Enriched gene regulatory network of altered miRNAs and their targets with functional relationship to neuropsychiatric disorders. Overlapping target gene network affected by altered miRNAs were mapped. Representing hubs on the network were pathophysiological footprints of associated neuropsychiatric disorders. (p < 0.05, Fisher’s Exact Test).

Figure 8

Relating functional disorders with dysregulated miRNAs based on predicted target genes and their validation. (a) Affected canonical pathways mediated by deregulated miRNA network. Canonical biological pathways associated with genes that were predicted to be targets of significantly altered miRNAs in MDD-suicide subjects are shown (p < 0.05, Fisher’s Exact Test). The ratio is calculated as the number of genes in a given pathway divided by the number of genes that make up the pathway.

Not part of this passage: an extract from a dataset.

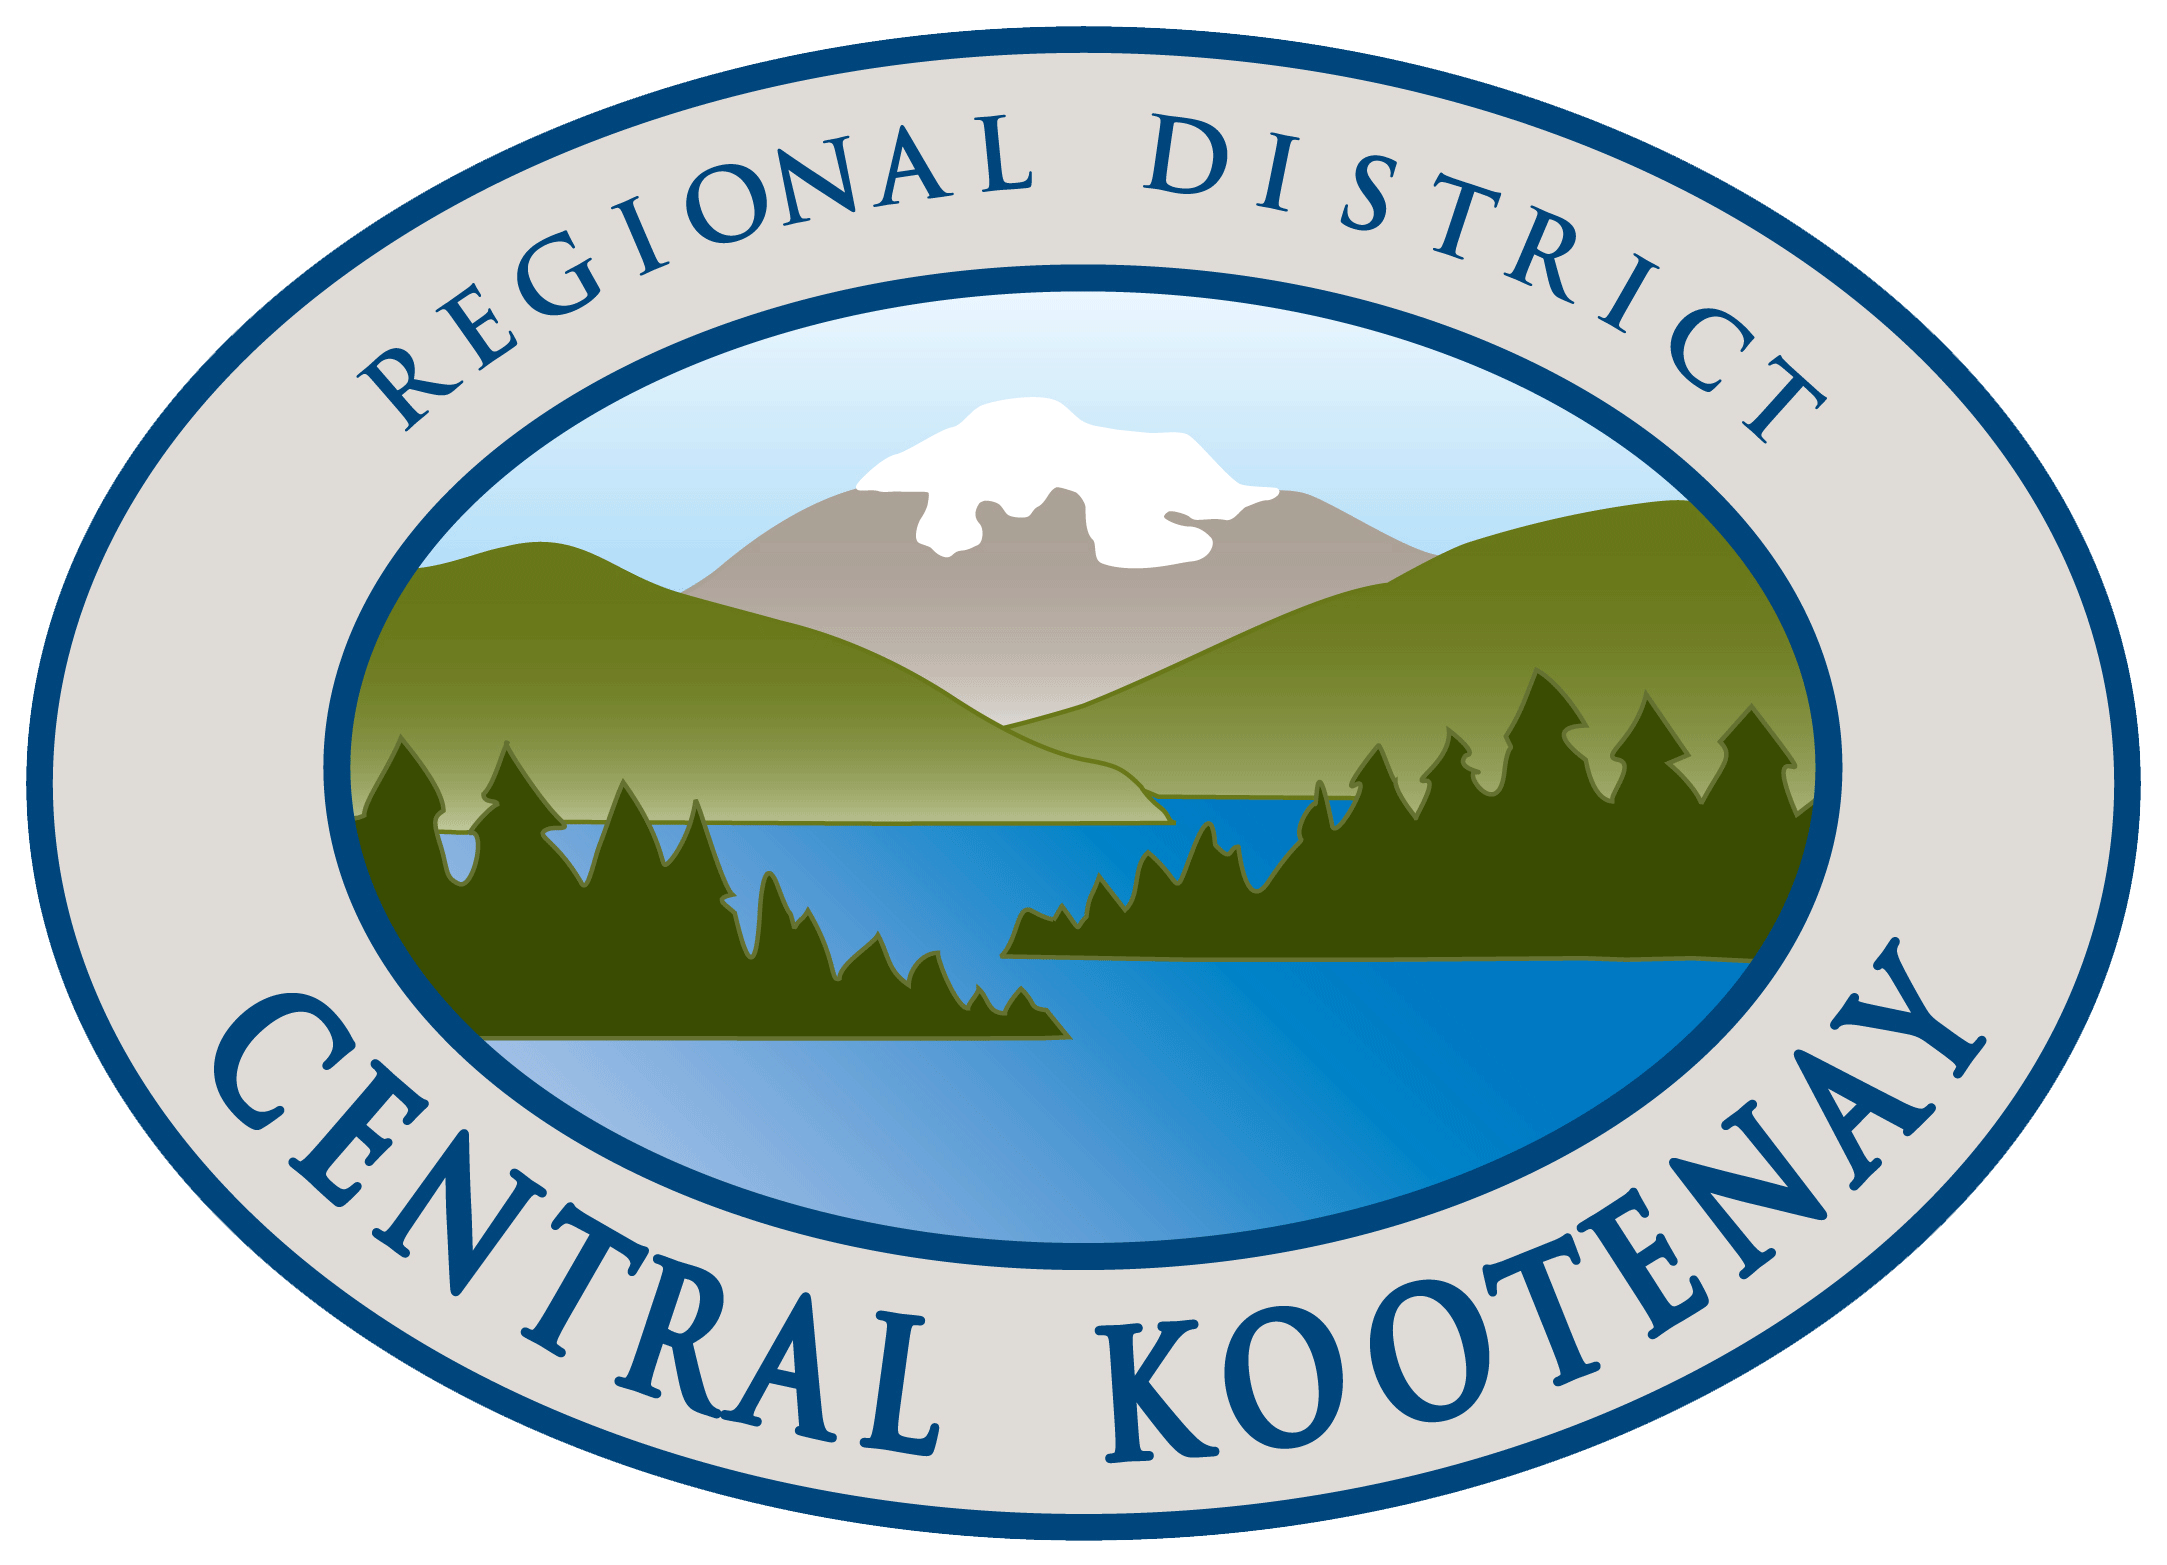 regional-district-of-central-kootenay

The p-value for a given process annotation is calculated by considering the number of focus genes that participate in that process and the total number of genes that are known to be associated with that process in the selected reference set. The more focus genes involved, the more likely the association is not due to a random chance. (b) Expression status of few selected genes identified as targets of altered miRNAs. Transcript levels of RELN, GSK-3β, MAOA, CHRM1, PLCB1 and GRIK1 were analyzed in locus coeruleus of MDD-suicide and healthy control subjects by qPCR using primers mentioned in the Methods section. GAPDH normalized relative expression level of RELN, GSK-3β, MAOA, CHRM1, PLCB1 and GRIK1 mRNA transcripts were analyzed in locus coeruleus of MDD-suicide as compared with the normal healthy control group. All data are the mean ± SEM (for RELN, GSK-3β and GRIK1, n = 10 in control and n = 9 in MDD-suicide group; for MAOA, n = 9/group). The level of significance was determined using independent-sample ‘t’ test. ‘*’ denotes significant difference between MDD-suicide and control groups (RELN p = 0.038; GSK-3β p = 0.009; MAOA p = 0.032; GRIK1 p = 0.046).